A ella no la divertían los chistes que Adolfito hacía con Georgie –como lo llamaban a Jorge Luis Borges–, cada vez que se reunían a cenar. Tenían una manera distinta de ella de ser extraños: “¿Y si el cielo fuera verde?”, decía Georgie. Ja, ja. “¿Y si el pasto fuera violeta?”, decía Adolfito. Ja, ja, ja. Ese humor de niños genios la cansaba. En cambio, le atraía la perversión que puede germinar en las entrañas de un niño. En ese sentimiento oscuro y maldito alimentó buena parte de su literatura.

Una prueba de amor

A la hora de reír, con nadie compartía Silvina Ocampo tantas risas como con Alejandra Pizarnik. Ella también fue una criatura físicamente desangelada, pero no temía caminar descalza por el filo de los abismos. En una carta, Alejandra llamó a Silvina su “paraíso perdido” y le confesó: “Yo adoro tu cara. Y tus piernas y tus manos que llevan a la casa del recuerdo-sueños, urdida en un más allá del pasado verdadero”.

Silvina aceptó adoptar legalmente a Marta, una hija extramatrimonial de Bioy. Amó como propia a esa hija que le dio tres nietos: Florencio, Lucila y Victoria. Marta moriría en un accidente de tránsito en 1994, veinte días después de la muerte de Silvina.

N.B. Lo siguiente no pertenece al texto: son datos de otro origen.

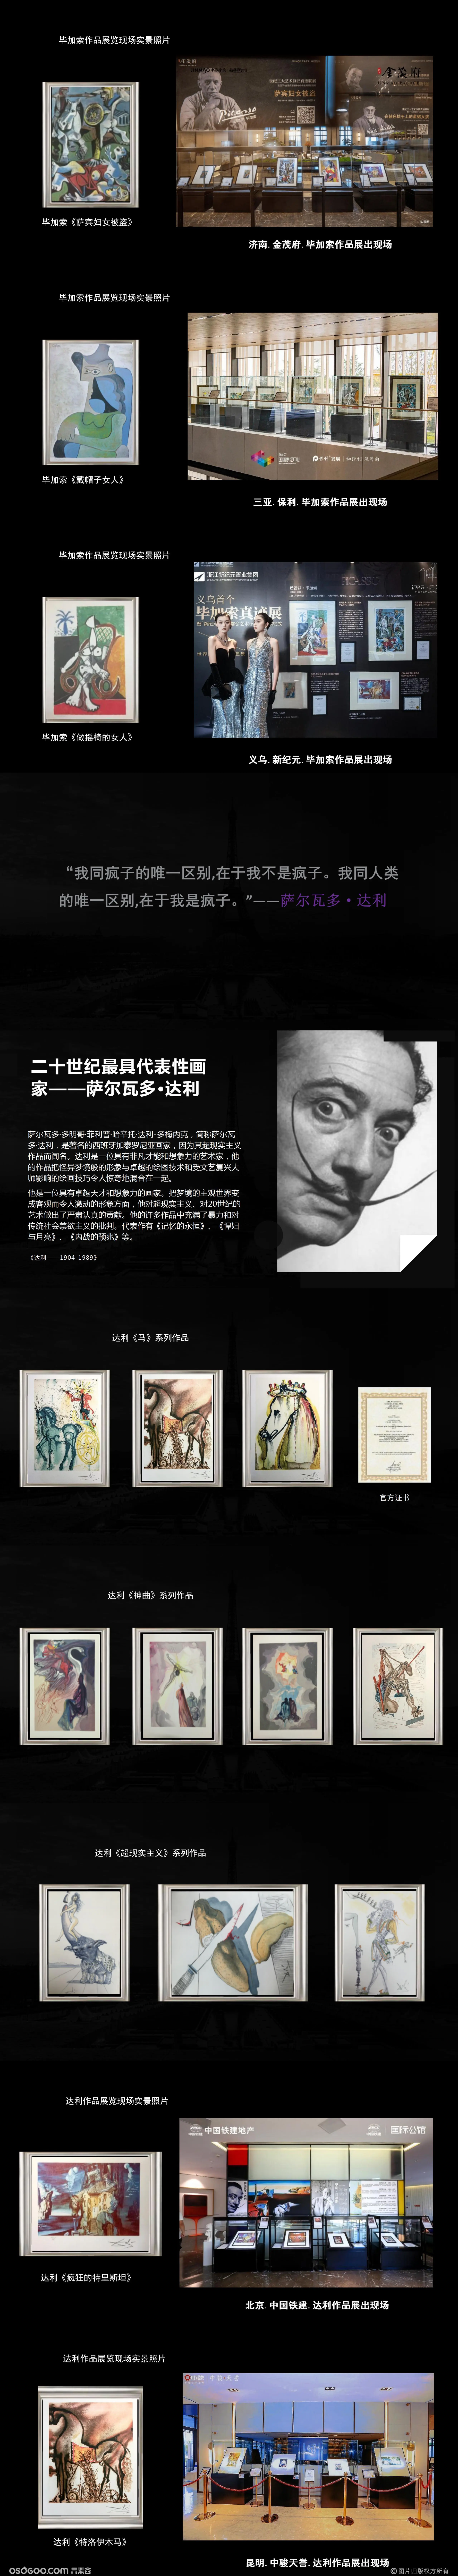 20世纪艺术三杰.毕加索.达利.马蒂斯真迹展

En sus Memorias, Bioy escribió: “A veces me he preguntado, a lo largo de la vida, si no he sido muchas veces cruel con Silvina, porque por ella no me privé de otros amores. Un día en que le dije que la quería mucho, exclamó: Lo sé. Has tenido una infinidad de mujeres pero has vuelto siempre a mí. Creo que es una prueba de amor”.